Studio album by Gong
- Released: March 1970
- Recorded: September–October 1969 Studio ETA and Studio Europa Sonor, Paris, France
- Genres: Psychedelic rock; psychedelic pop;
- Length: 43:52
- Label: BYG Actuel
- Producers: Jean Georgakarakos, Jean-Luc Young

Gong chronology
|  | Magick Brother (1970) | Camembert Electrique (1971) |

= Magick Brother =

Magick Brother is the debut studio album by the progressive rock band Gong, recorded in Paris during September and October 1969 and released in March 1970 on the French BYG Actuel label.

The band's recently recruited bass player Christian Tritsch was not ready in time to play on the album, and so singer/songwriter/guitarist Daevid Allen played the bass guitar himself; a photo of Allen recording bass tracks for the album is featured on the cover artwork. They also made use of jazz contrabass (double bass) players Earl Freeman and Barre Phillips, who were recording for the label at the same time, on three tracks. Occasional early Gong collaborator Dieter Gewissler, who normally played violin, also contributed some "free" bowed contrabass to two tracks.

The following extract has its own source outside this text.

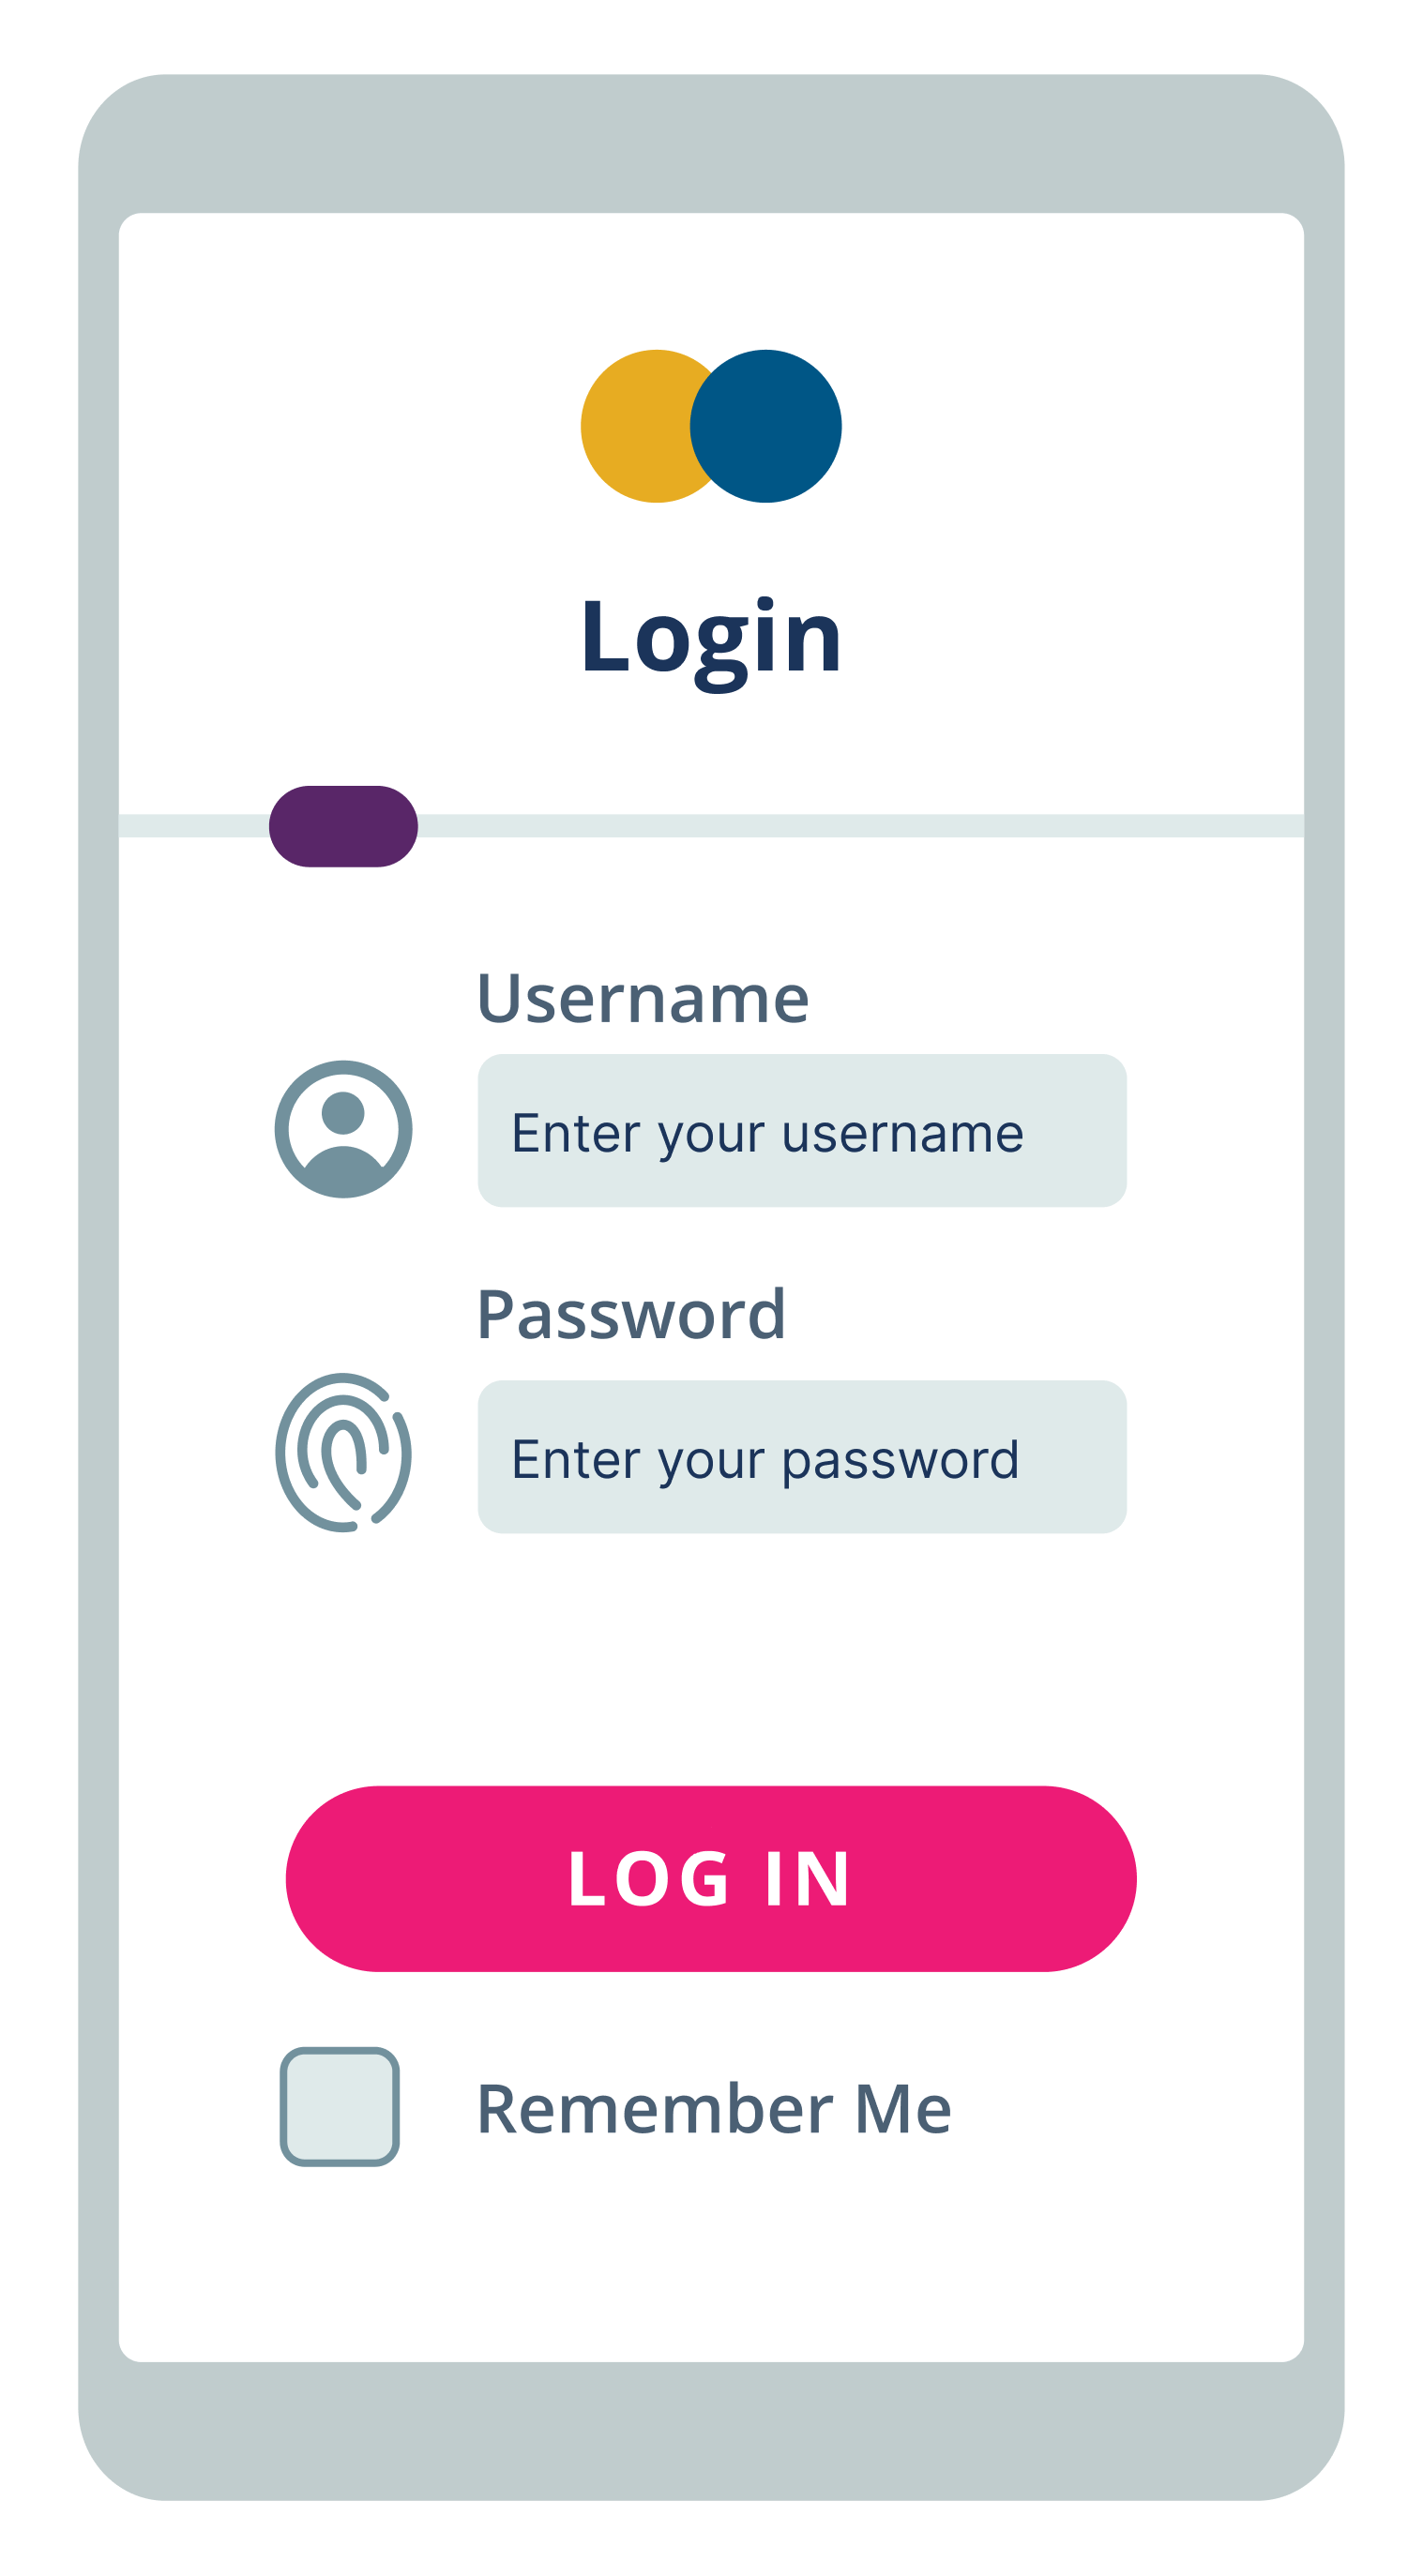 automated testing - Want to test  site login without using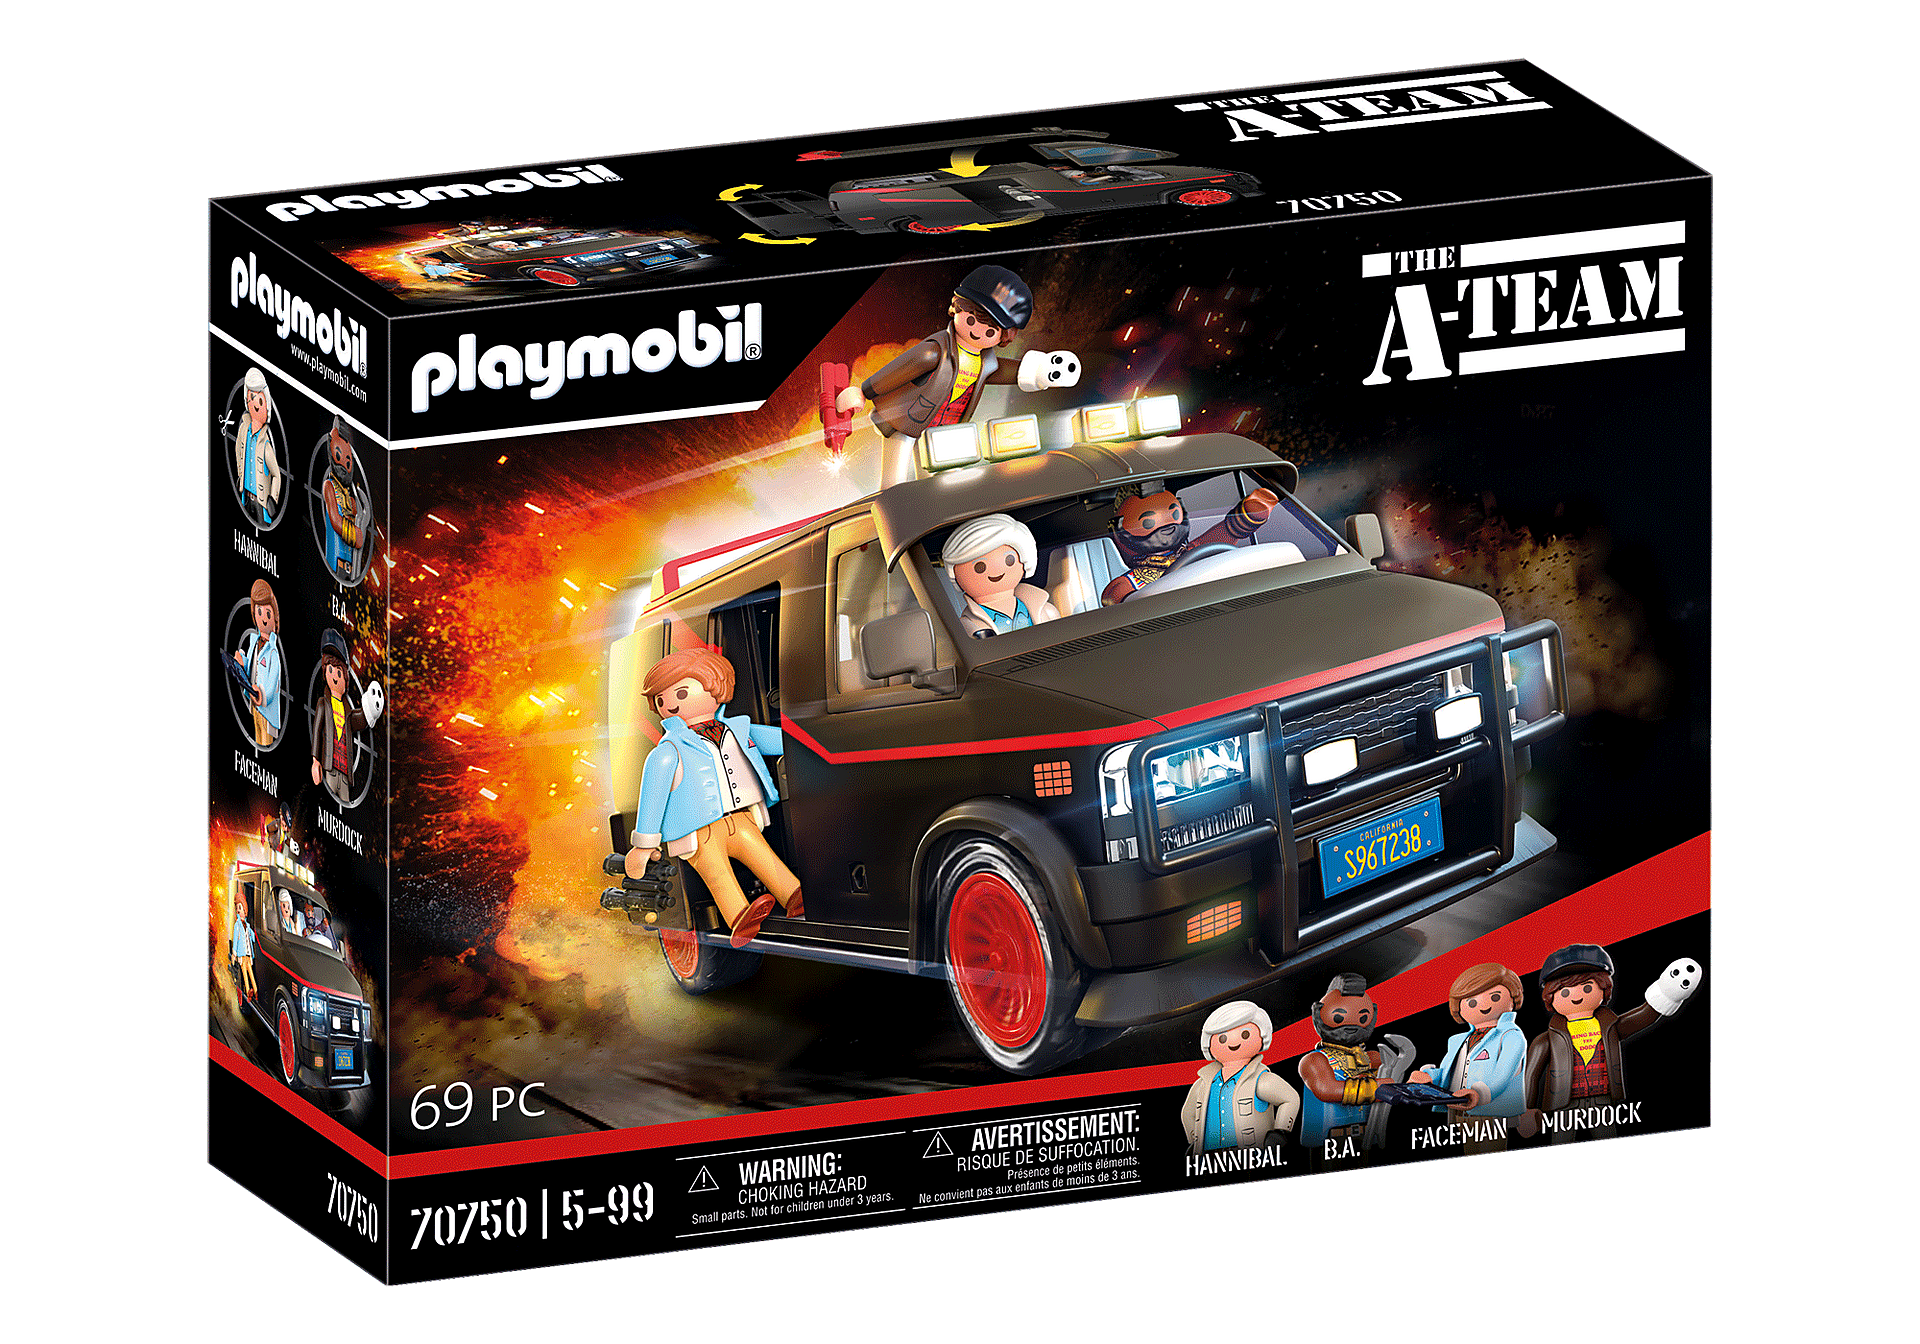 Playmobil Police Helicopter Pursuit with Runaway Van

The LP sleeves were printed before the final track order and titles had been decided and so the songs "Rational Anthem" (AKA "Change the World") and "Glad To Sad To Say" were listed the wrong way round.

Shortly afterwards, the band played its debut gig at the BYG Actuel Festival in the small town of Amougies, Belgium, on 27 October 1969, introduced to the stage by bemused compere Frank Zappa.

Professional ratings
Review scores
| Source | Rating |
| Allmusic | Star Half star |

==Track listing==

All songs written by Daevid Allen, though credited to his partner Gilli Smyth for legal reasons.

Produced by Jean Georgakarakos and Jean Luc Young.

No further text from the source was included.